Population-based information was retrieved from the regional perinatal database, Perinatal Revision South (PRS), which was established in 1995 for quality assurance in perinatal care in the southern region of Sweden [14]. The PRS is based on approximately 18 000 annual births, and is compiled from data reported by all delivery and neonatal units in the region. The maternal pregnancy characteristics used as exposure variables were maternal age at delivery, parity, BMI, maternal height and maternal smoking. Information about BMI (kg/m2) was based on weight and height measured at the first prenatal visit in the first trimester. Gestational age was estimated from expected date of parturition according to ultrasound in the first half of gestation. LGA births, small-for-gestational-age (SGA) births and adequate-for-gestational-age (AGA) births were defined as birth weight greater than +2 standard deviations (SD), less than −2 SD and between −2 SD and +2 SD of the expected birth weight for gestational age and gender, respectively, according to the Swedish reference curve for fetal growth [15]. Of the 11 976 OGTT results, information in the PRS was available for a total of 11 016 pregnancies. When we evaluated the risk factors for LGA, infants with unavailable LGA information were excluded, and this restricted dataset was the basis of the present evaluation (n = 10 974). The dataset was divided into two parts, with every second woman belonging to the development dataset or the validation dataset.

Statistical analysis

Differences in glucose levels between groups were assessed using the Kruskal-Wallis test.
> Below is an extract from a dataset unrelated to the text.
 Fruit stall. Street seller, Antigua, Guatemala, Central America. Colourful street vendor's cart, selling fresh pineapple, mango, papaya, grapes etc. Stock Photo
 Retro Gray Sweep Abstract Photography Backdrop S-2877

Chi-squared tests were performed to test possible differences between the datasets regarding maternal and infant characteristics (i.e. the development dataset and the validation dataset). The correlation between maternal BMI and 2-h glucose levels was estimated using the Pearson rho, and the linear relationship was estimated using a simple linear regression.

The prediction model for LGA was developed on the development dataset using univariate and multivariable logistic regression analyses. The variables tested were: maternal age (in years; continuous variable), parity 1, parity ≥ 4 (with parity 2–3 as reference), maternal smoking (yes/no), maternal BMI (in kg/m2; continuous), maternal height (in cm; continuous), and glucose levels (in mmol/L; continuous). Models including class variables or second-degree polynomials were tested, but were abandoned as they performed worse than the models including the linear, continuous variables mentioned. Variables with a crude p-value of < 0.05 in their association with LGA in the univariate model were entered into a multiple model, and variables with a p-value of < 0.05 in the multiple model were entered into the final multiple model. A two-sided p-value of less than 0.05 was considered statistically significant.
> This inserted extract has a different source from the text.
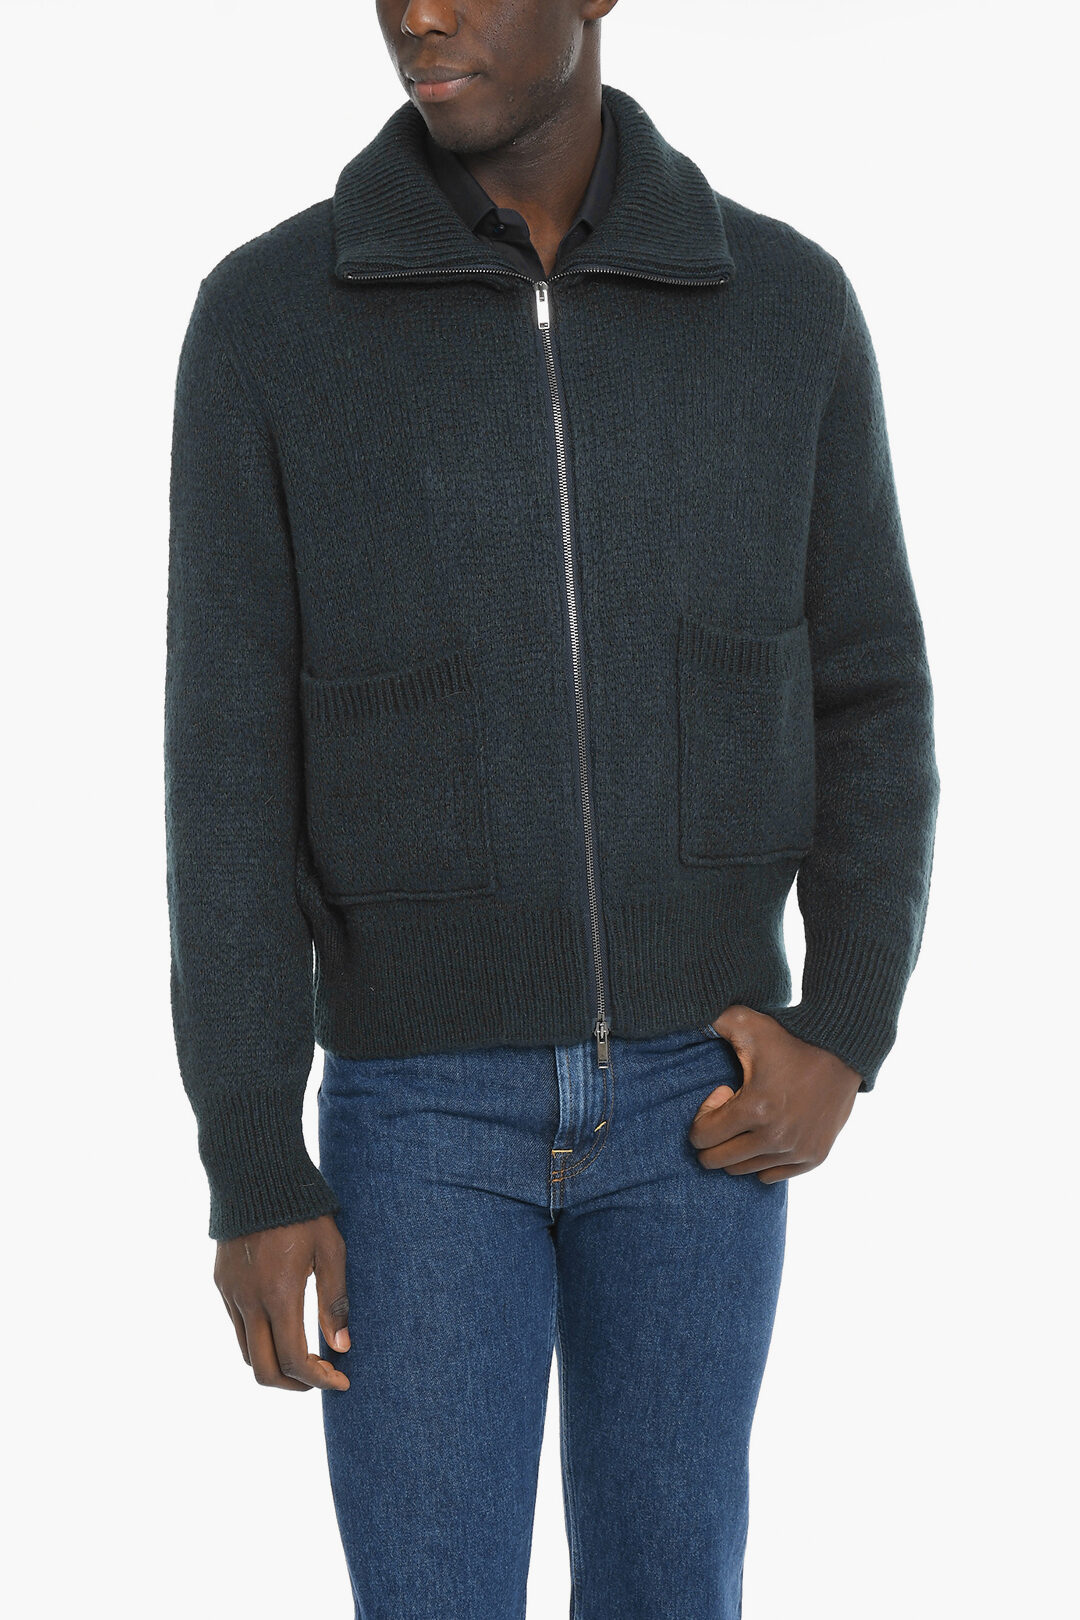 Sunhouse Patch Pockets Zipped LEO Sweater men - Glamood Outlet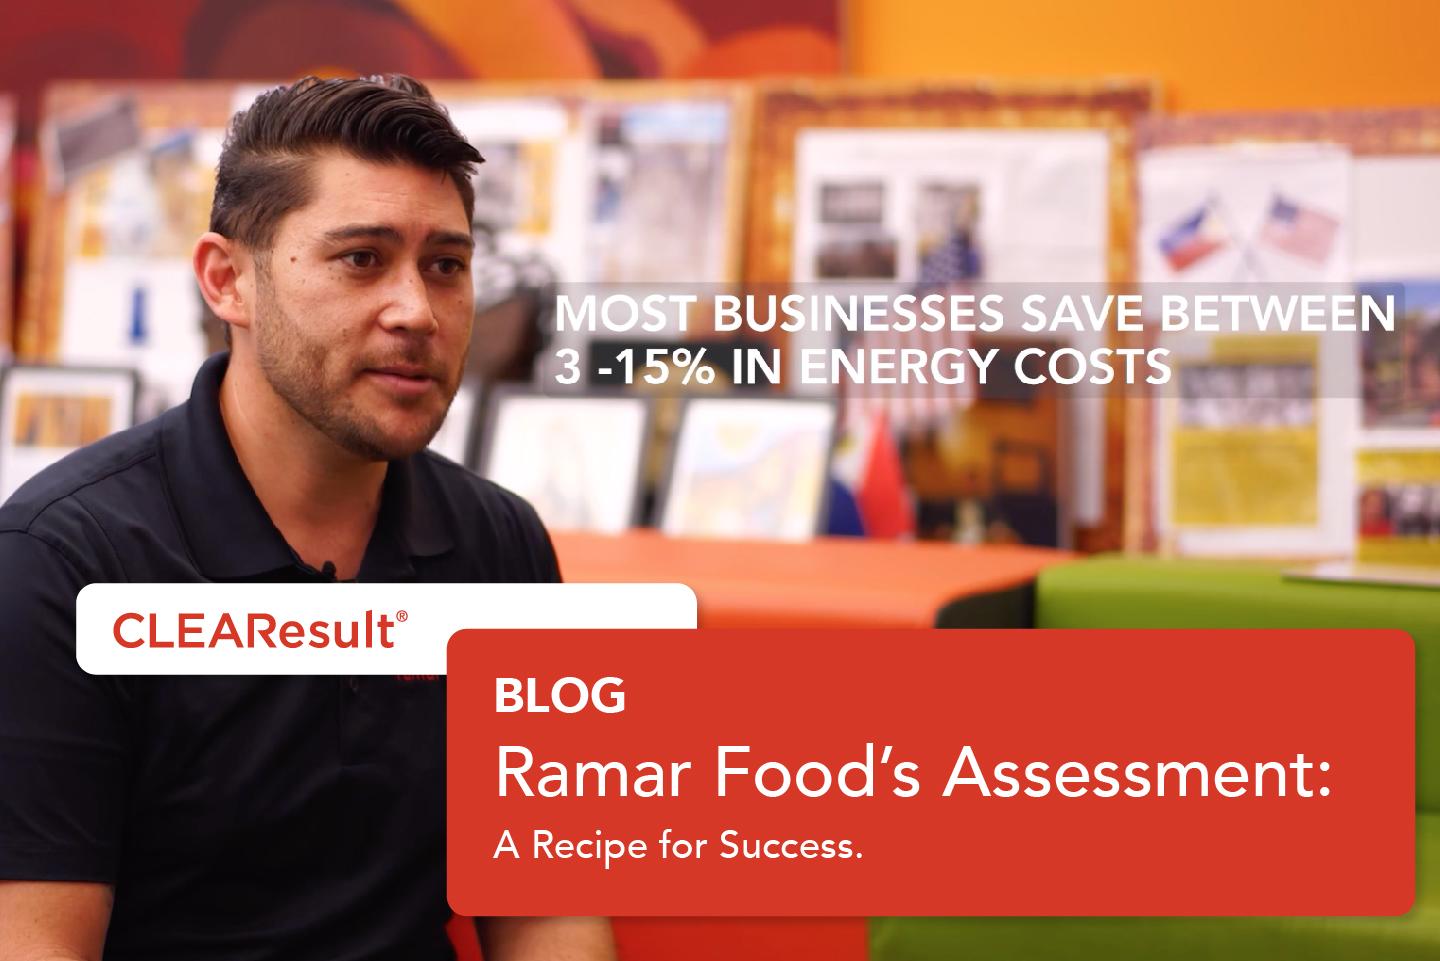 Ramar Foods’ Assessment: A recipe for success

The results obtained from the final multiple model, and two other models for comparison, were applied to the validation dataset. The performance of each model was evaluated by studying the area under the receiver-operating characteristics (ROC) curve (AUC). The variance of each AUC was computed using the method proposed by DeLong et al. [16].
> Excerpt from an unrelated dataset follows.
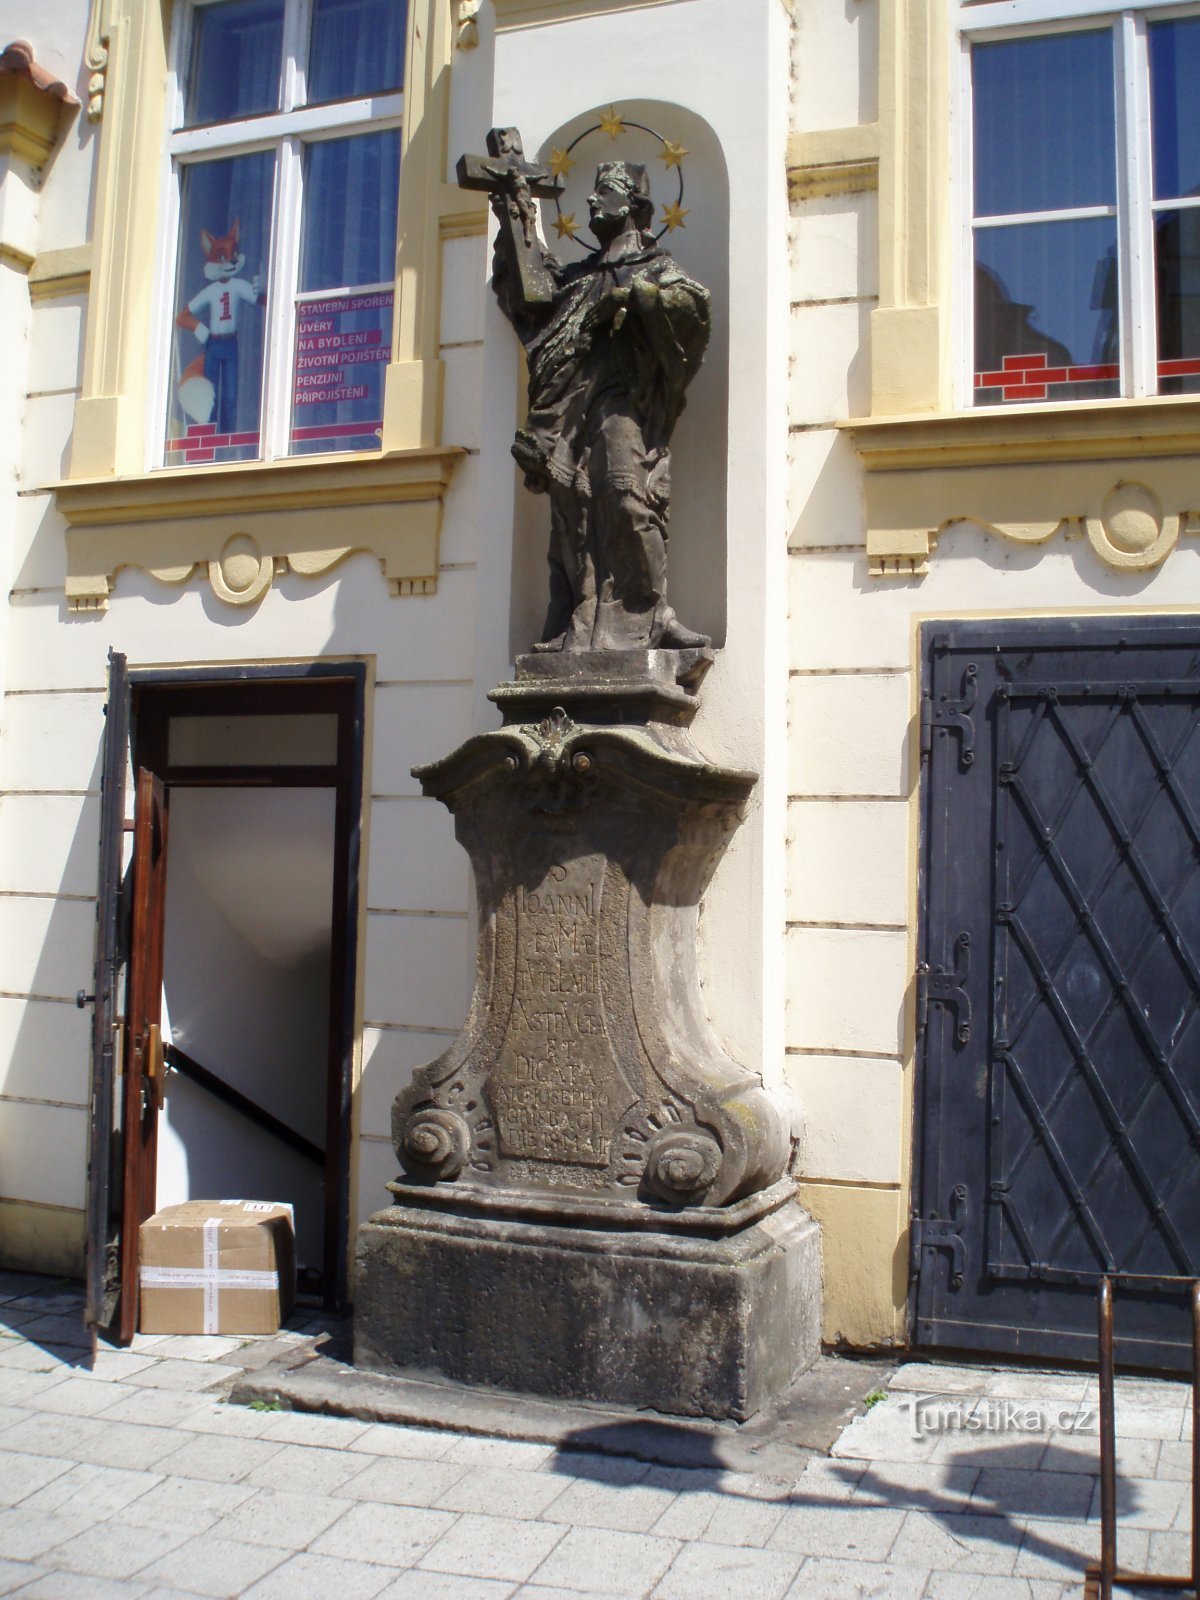 Pyhän patsas Jan Nepomucký osoitteessa nro 163 (Hradec Králové, 11.6.2011)

All statistical analyses were performed using Gauss (Gauss™; Aptec Systems Inc., Maple Valley, WA, USA; http://www.aptech.com).

Results

The frequency of maternal and infant characteristics according to glucose quartile and the corresponding mean 2-h plasma glucose levels are given in Table 1. Of the 2777 women with glucose levels in the upper quartile, 120 (1.1 % of all women) fulfilled the glucose threshold for GDM (2-h plasma glucose concentration ≥ 10.0 mmol/L) and 301 (2.7 % of all women) fulfilled the glucose threshold for gestational IGT (2-h plasma glucose concentration 8.9–9.9 mmol/L). A linear regression analysis showed a weak, albeit statistically significant, linear association between maternal BMI and glucose levels (increase of 2-h plasma glucose per each BMI-unit: 0.022; 95 % CI 0.017–0.028), with a statistically significant, but weak correlation coefficient (Pearson rho: 0.074; 95 % CI: 0.056–0.093). A ROC curve based on the total dataset revealed that the ability of the 2-h glucose levels to predict LGA births was poor; AUC was 0.54 (95 % CI 0.48–0.60) (Fig. 1). Furthermore, there was no apparent natural cutoff point above which there would be an increased risk of LGA in the infant.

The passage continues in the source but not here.